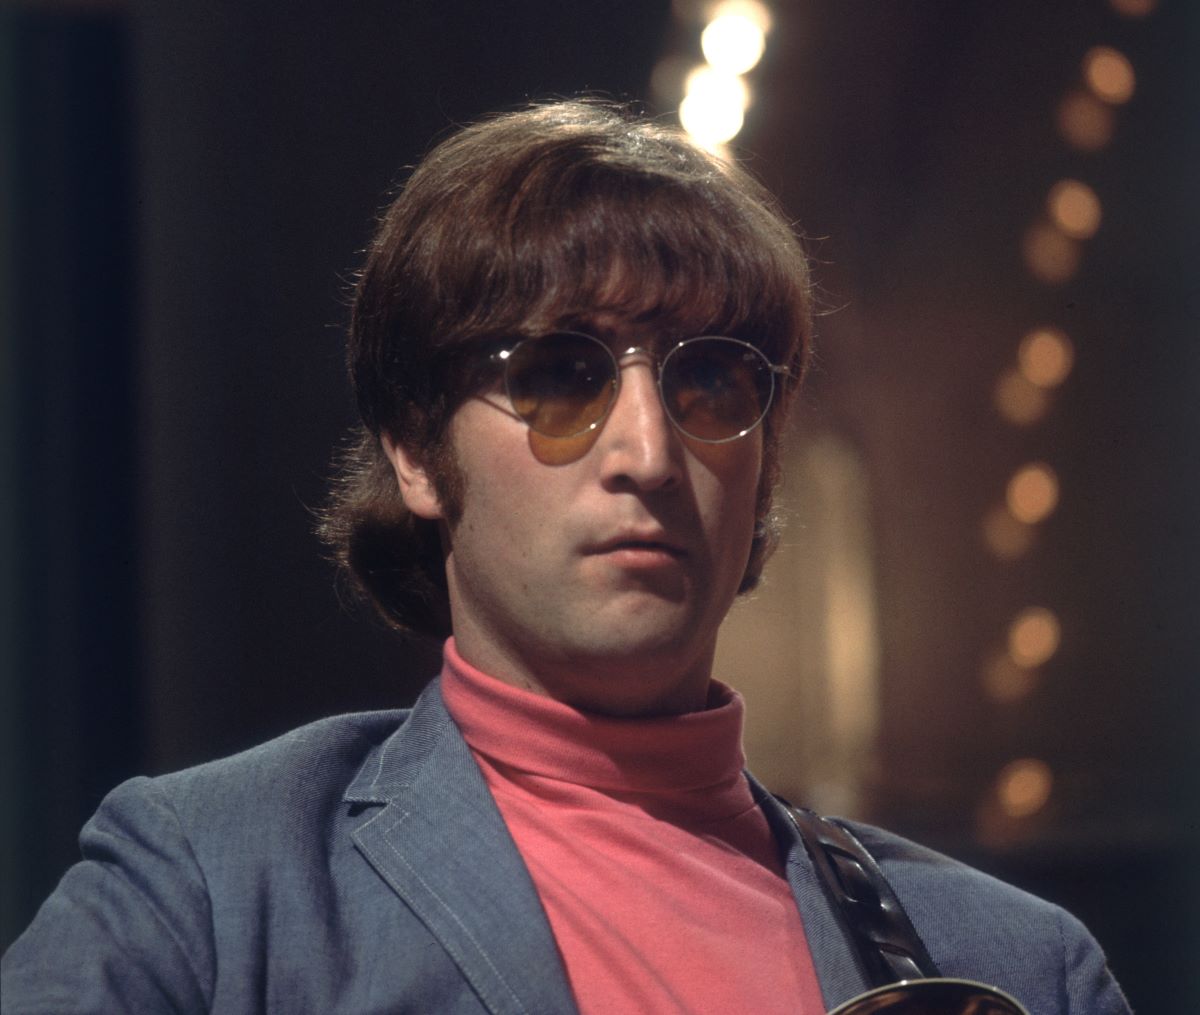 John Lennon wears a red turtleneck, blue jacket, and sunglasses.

...

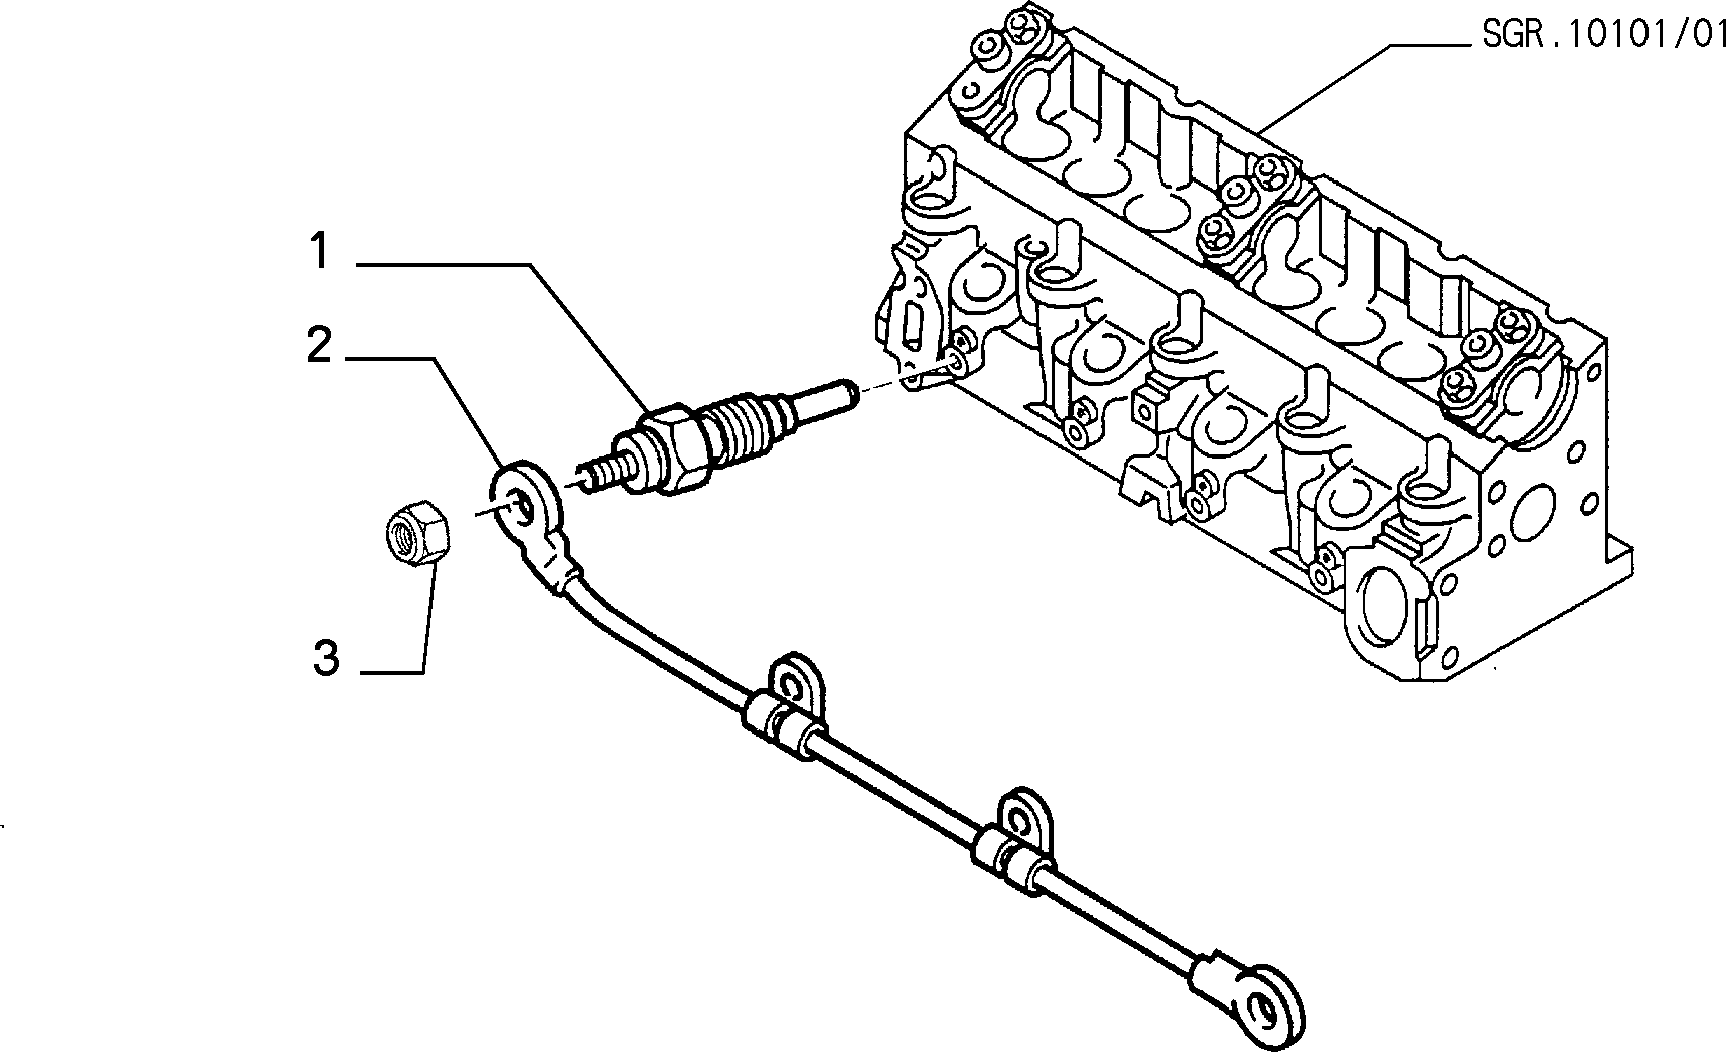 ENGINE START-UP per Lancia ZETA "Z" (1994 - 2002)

--

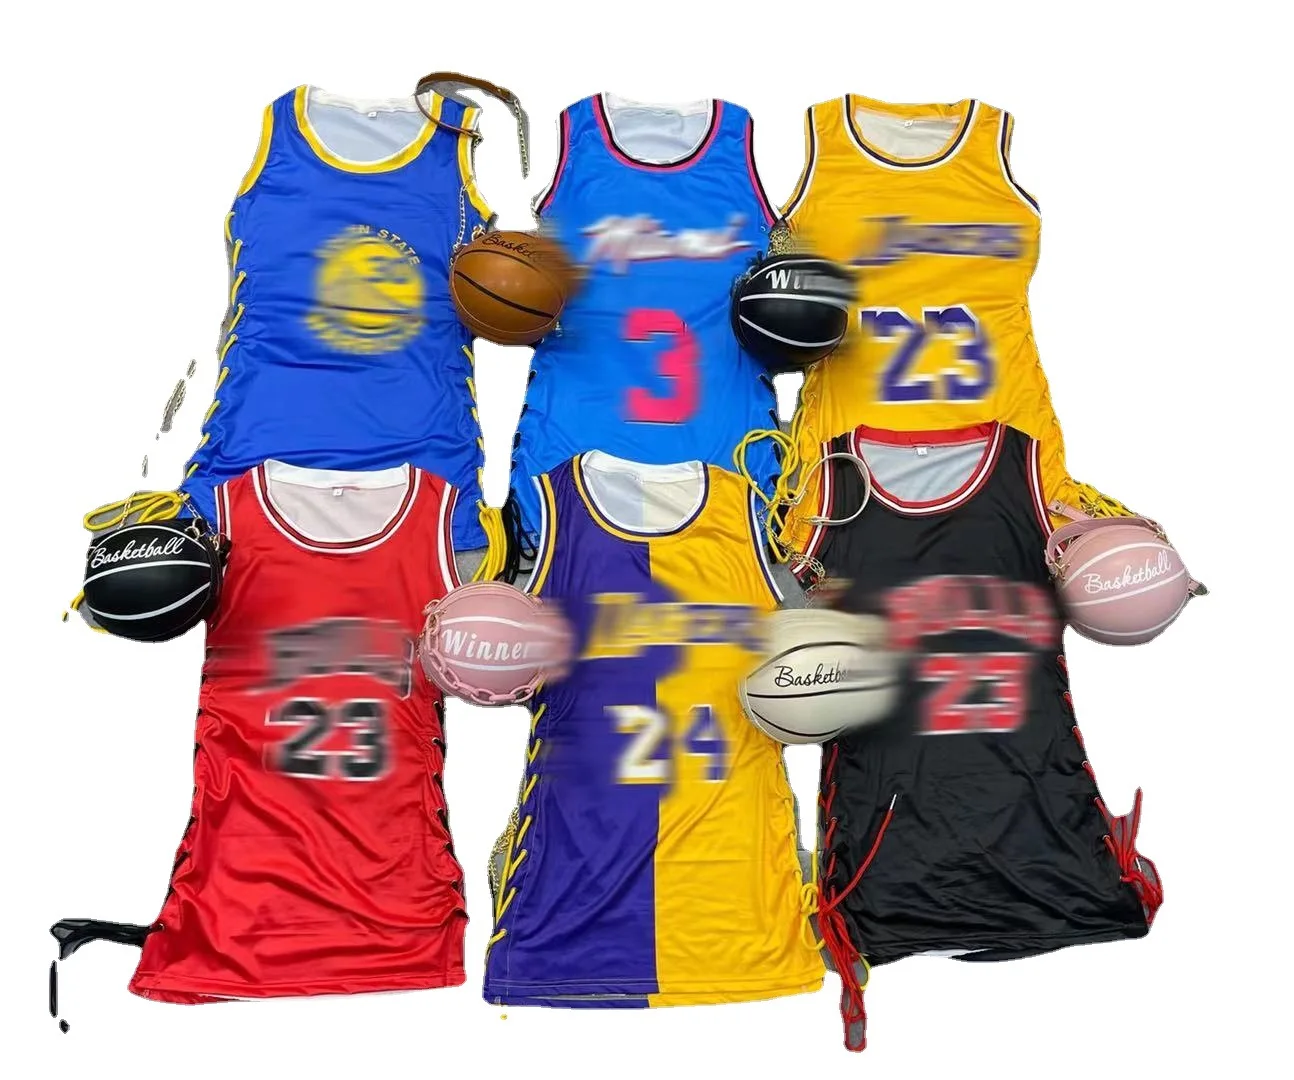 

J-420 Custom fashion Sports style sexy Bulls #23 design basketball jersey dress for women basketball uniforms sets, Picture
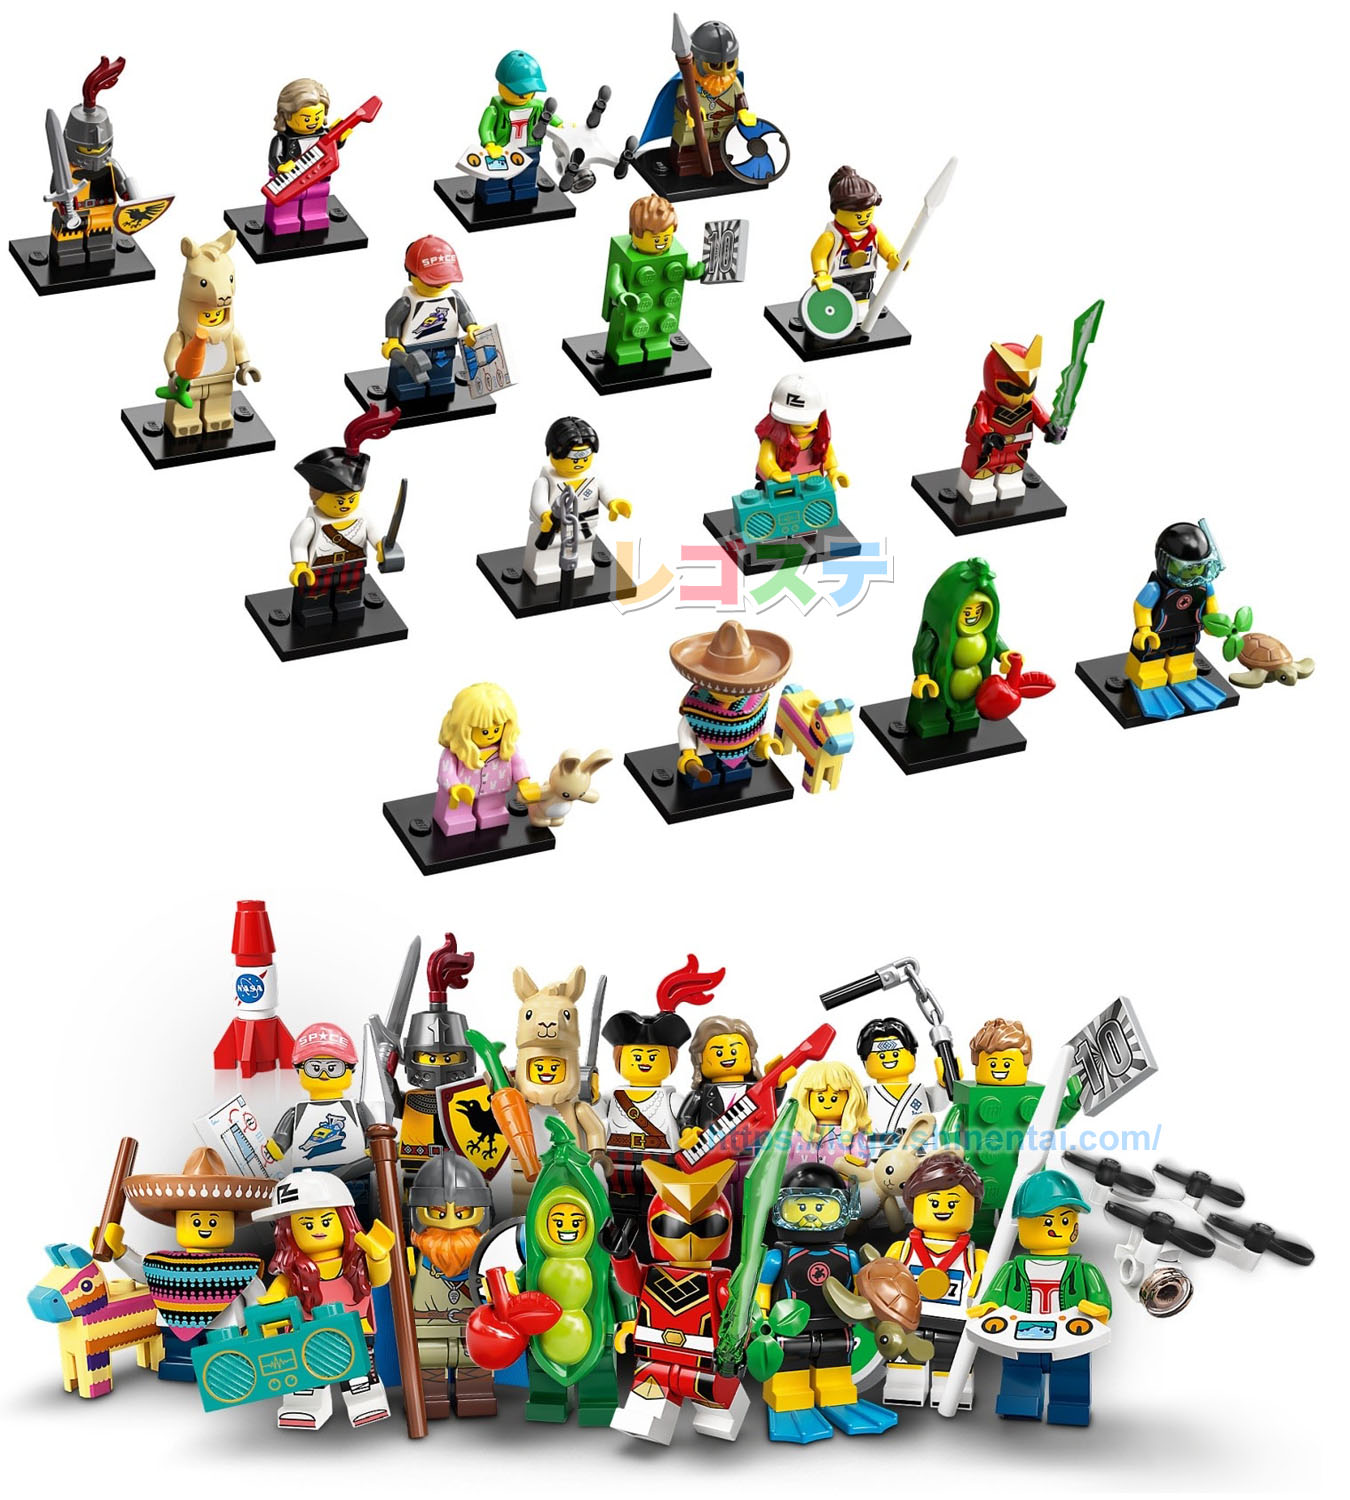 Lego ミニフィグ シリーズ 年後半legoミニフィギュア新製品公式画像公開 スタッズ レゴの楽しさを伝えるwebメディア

[Instructions for the task]:
Look above for the line holding "J-420 Custom fashion" and output everything from it down to the line holding "Lego ミニフィグ シリーズ", both ends included, exactly and without images.

[Task result]:
J-420 Custom fashion Sports style sexy Bulls #23 design basketball jersey dress for women basketball uniforms sets, Picture
 Lego ミニフィグ シリーズ 年後半legoミニフィギュア新製品公式画像公開 スタッズ レゴの楽しさを伝えるwebメディア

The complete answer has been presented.